RAW DATA:
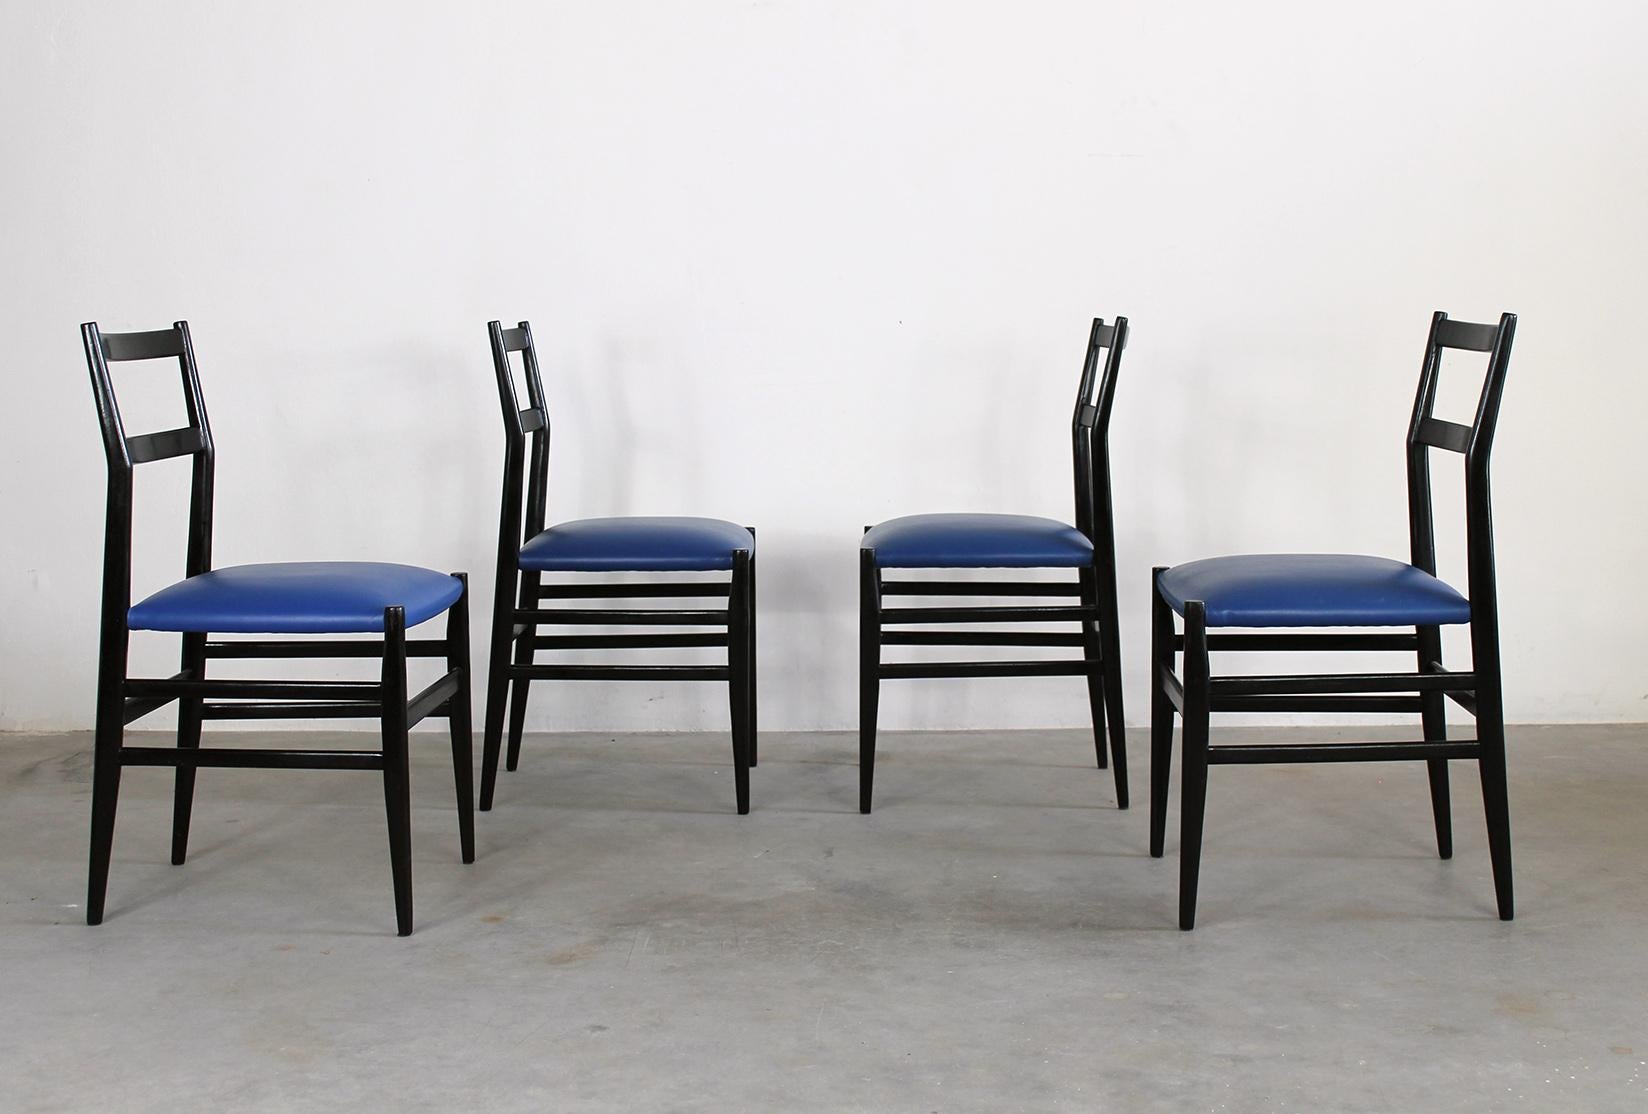 Mid-20th Century Gio Ponti Set of Four Leggera Dining Chairs by Cassina 1951 Italy For Sale
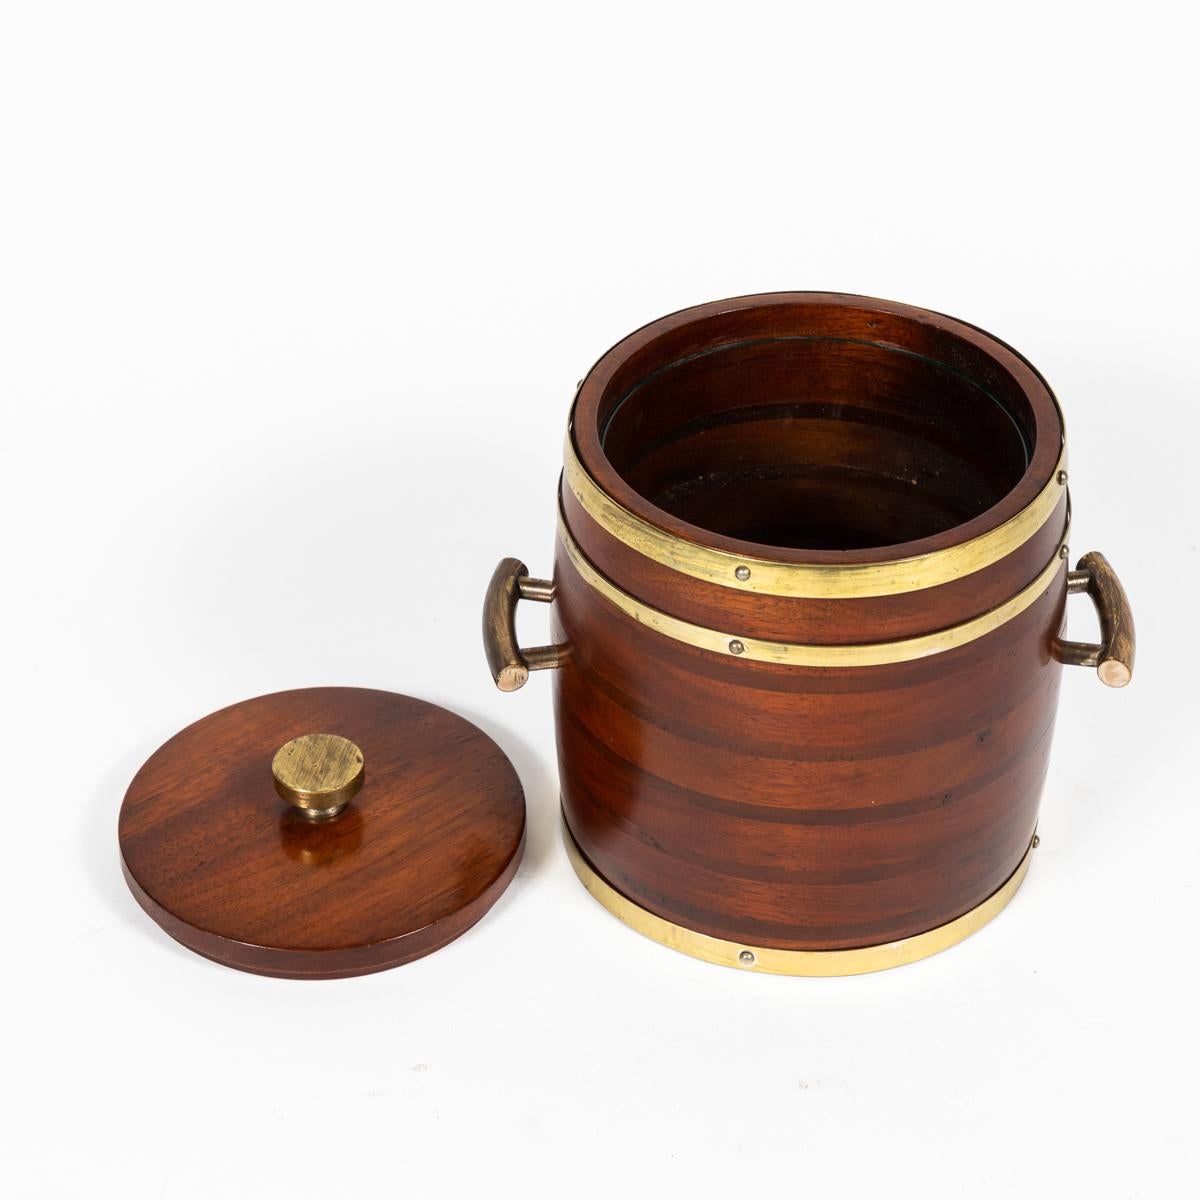 Wooden ice bucket with brass fittings from England circa 1920.
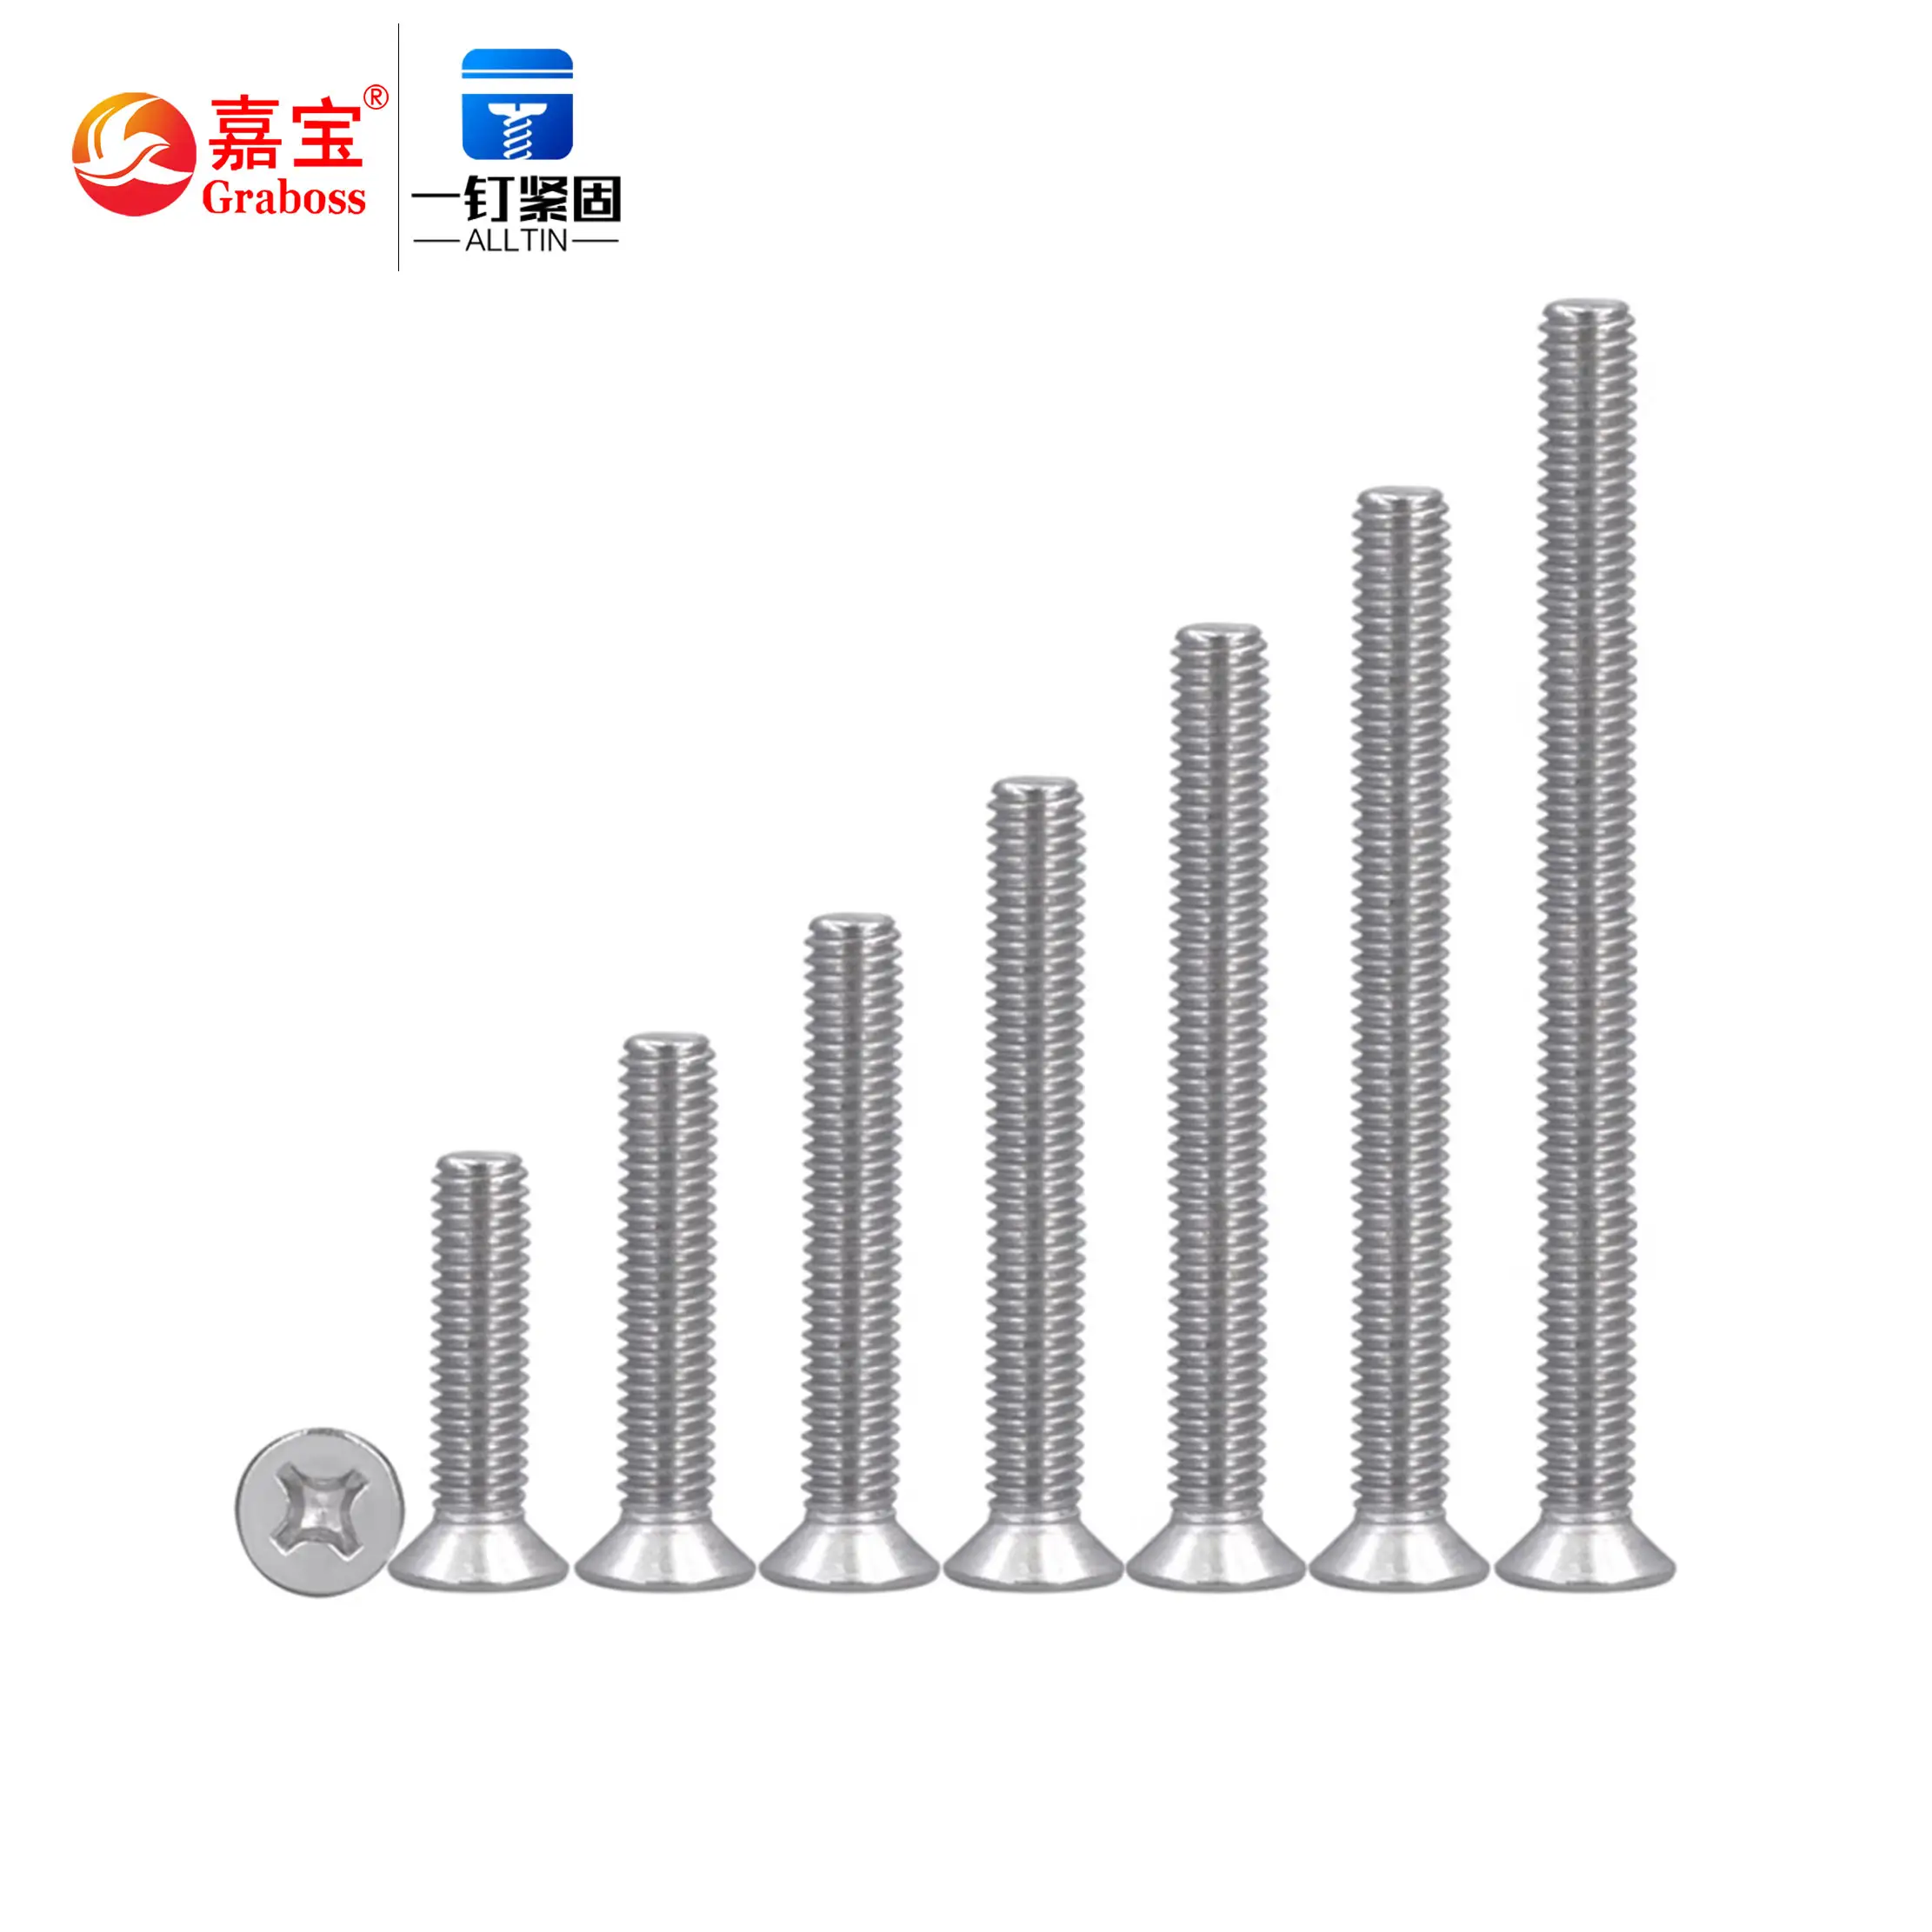 Manufacturers of 304 stainless steel extended switch socket panel screw countersunk head screw M2 M3 M4 M5 M6

WORK TO COMPLETE: Here the job is to print all the data exactly, skipping any image.

TASK OUTPUT:
 Mid-20th Century Gio Ponti Set of Four Leggera Dining Chairs by Cassina 1951 Italy For Sale
 Wooden ice bucket with brass fittings from England circa 1920.
 Manufacturers of 304 stainless steel extended switch socket panel screw countersunk head screw M2 M3 M4 M5 M6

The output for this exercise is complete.